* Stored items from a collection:
>>

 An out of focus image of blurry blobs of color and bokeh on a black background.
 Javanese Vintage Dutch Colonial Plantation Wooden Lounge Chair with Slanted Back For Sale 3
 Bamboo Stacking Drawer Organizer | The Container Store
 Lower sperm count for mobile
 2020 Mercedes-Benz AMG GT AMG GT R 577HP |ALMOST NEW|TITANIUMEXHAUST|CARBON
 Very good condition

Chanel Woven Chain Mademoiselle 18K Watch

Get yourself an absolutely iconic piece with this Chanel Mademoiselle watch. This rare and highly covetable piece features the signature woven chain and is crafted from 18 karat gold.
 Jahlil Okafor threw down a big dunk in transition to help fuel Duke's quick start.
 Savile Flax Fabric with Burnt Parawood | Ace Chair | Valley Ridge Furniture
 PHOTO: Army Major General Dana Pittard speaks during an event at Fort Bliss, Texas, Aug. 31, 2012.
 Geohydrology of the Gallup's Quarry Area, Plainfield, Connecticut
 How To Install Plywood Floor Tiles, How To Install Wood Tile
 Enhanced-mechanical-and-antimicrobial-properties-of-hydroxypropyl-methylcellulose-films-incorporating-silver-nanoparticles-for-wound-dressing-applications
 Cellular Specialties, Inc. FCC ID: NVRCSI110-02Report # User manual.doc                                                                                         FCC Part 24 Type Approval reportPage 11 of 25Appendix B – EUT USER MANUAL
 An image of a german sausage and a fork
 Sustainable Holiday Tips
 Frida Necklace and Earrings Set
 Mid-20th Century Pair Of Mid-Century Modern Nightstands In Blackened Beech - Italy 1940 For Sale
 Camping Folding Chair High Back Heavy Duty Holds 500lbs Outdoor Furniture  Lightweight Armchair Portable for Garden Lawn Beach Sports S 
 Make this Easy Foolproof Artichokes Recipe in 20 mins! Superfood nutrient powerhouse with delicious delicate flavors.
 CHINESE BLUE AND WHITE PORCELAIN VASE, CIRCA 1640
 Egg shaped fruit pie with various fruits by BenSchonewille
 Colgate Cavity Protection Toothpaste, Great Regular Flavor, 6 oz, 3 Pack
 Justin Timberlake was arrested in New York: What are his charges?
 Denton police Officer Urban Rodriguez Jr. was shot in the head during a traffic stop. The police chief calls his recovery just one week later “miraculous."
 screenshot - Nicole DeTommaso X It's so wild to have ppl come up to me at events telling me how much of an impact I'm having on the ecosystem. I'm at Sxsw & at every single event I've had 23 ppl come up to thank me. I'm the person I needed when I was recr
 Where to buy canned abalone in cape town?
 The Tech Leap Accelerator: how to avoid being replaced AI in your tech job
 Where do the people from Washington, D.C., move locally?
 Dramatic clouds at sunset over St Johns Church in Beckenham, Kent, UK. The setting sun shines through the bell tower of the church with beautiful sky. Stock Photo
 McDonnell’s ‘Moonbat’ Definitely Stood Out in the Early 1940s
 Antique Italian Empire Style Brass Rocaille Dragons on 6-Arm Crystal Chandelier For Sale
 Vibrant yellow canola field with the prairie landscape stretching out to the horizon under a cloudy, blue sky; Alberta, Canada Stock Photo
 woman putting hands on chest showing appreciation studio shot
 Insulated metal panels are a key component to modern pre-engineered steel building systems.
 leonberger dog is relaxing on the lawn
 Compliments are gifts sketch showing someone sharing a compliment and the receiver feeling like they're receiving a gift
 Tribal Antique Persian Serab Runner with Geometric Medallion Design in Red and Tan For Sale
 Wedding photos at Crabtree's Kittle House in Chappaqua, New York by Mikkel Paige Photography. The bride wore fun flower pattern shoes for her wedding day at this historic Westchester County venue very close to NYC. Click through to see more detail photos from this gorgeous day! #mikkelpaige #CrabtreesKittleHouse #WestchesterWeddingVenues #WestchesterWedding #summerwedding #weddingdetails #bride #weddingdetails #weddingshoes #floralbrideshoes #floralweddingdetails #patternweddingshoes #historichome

<<

The response should be an exact repeat of the data above.

* ANSWER FOR THIS EXERCISE:
 An out of focus image of blurry blobs of color and bokeh on a black background.
 Javanese Vintage Dutch Colonial Plantation Wooden Lounge Chair with Slanted Back For Sale 3
 Bamboo Stacking Drawer Organizer | The Container Store
 Lower sperm count for mobile
 2020 Mercedes-Benz AMG GT AMG GT R 577HP |ALMOST NEW|TITANIUMEXHAUST|CARBON
 Very good condition

Chanel Woven Chain Mademoiselle 18K Watch

Get yourself an absolutely iconic piece with this Chanel Mademoiselle watch. This rare and highly covetable piece features the signature woven chain and is crafted from 18 karat gold.
 Jahlil Okafor threw down a big dunk in transition to help fuel Duke's quick start.
 Savile Flax Fabric with Burnt Parawood | Ace Chair | Valley Ridge Furniture
 PHOTO: Army Major General Dana Pittard speaks during an event at Fort Bliss, Texas, Aug. 31, 2012.
 Geohydrology of the Gallup's Quarry Area, Plainfield, Connecticut
 How To Install Plywood Floor Tiles, How To Install Wood Tile
 Enhanced-mechanical-and-antimicrobial-properties-of-hydroxypropyl-methylcellulose-films-incorporating-silver-nanoparticles-for-wound-dressing-applications
 Cellular Specialties, Inc. FCC ID: NVRCSI110-02Report # User manual.doc                                                                                         FCC Part 24 Type Approval reportPage 11 of 25Appendix B – EUT USER MANUAL
 An image of a german sausage and a fork
 Sustainable Holiday Tips
 Frida Necklace and Earrings Set
 Mid-20th Century Pair Of Mid-Century Modern Nightstands In Blackened Beech - Italy 1940 For Sale
 Camping Folding Chair High Back Heavy Duty Holds 500lbs Outdoor Furniture  Lightweight Armchair Portable for Garden Lawn Beach Sports S 
 Make this Easy Foolproof Artichokes Recipe in 20 mins! Superfood nutrient powerhouse with delicious delicate flavors.
 CHINESE BLUE AND WHITE PORCELAIN VASE, CIRCA 1640
 Egg shaped fruit pie with various fruits by BenSchonewille
 Colgate Cavity Protection Toothpaste, Great Regular Flavor, 6 oz, 3 Pack
 Justin Timberlake was arrested in New York: What are his charges?
 Denton police Officer Urban Rodriguez Jr. was shot in the head during a traffic stop. The police chief calls his recovery just one week later “miraculous."
 screenshot - Nicole DeTommaso X It's so wild to have ppl come up to me at events telling me how much of an impact I'm having on the ecosystem. I'm at Sxsw & at every single event I've had 23 ppl come up to thank me. I'm the person I needed when I was recr
 Where to buy canned abalone in cape town?
 The Tech Leap Accelerator: how to avoid being replaced AI in your tech job
 Where do the people from Washington, D.C., move locally?
 Dramatic clouds at sunset over St Johns Church in Beckenham, Kent, UK. The setting sun shines through the bell tower of the church with beautiful sky. Stock Photo
 McDonnell’s ‘Moonbat’ Definitely Stood Out in the Early 1940s
 Antique Italian Empire Style Brass Rocaille Dragons on 6-Arm Crystal Chandelier For Sale
 Vibrant yellow canola field with the prairie landscape stretching out to the horizon under a cloudy, blue sky; Alberta, Canada Stock Photo
 woman putting hands on chest showing appreciation studio shot
 Insulated metal panels are a key component to modern pre-engineered steel building systems.
 leonberger dog is relaxing on the lawn
 Compliments are gifts sketch showing someone sharing a compliment and the receiver feeling like they're receiving a gift
 Tribal Antique Persian Serab Runner with Geometric Medallion Design in Red and Tan For Sale
 Wedding photos at Crabtree's Kittle House in Chappaqua, New York by Mikkel Paige Photography. The bride wore fun flower pattern shoes for her wedding day at this historic Westchester County venue very close to NYC. Click through to see more detail photos from this gorgeous day! #mikkelpaige #CrabtreesKittleHouse #WestchesterWeddingVenues #WestchesterWedding #summerwedding #weddingdetails #bride #weddingdetails #weddingshoes #floralbrideshoes #floralweddingdetails #patternweddingshoes #historichome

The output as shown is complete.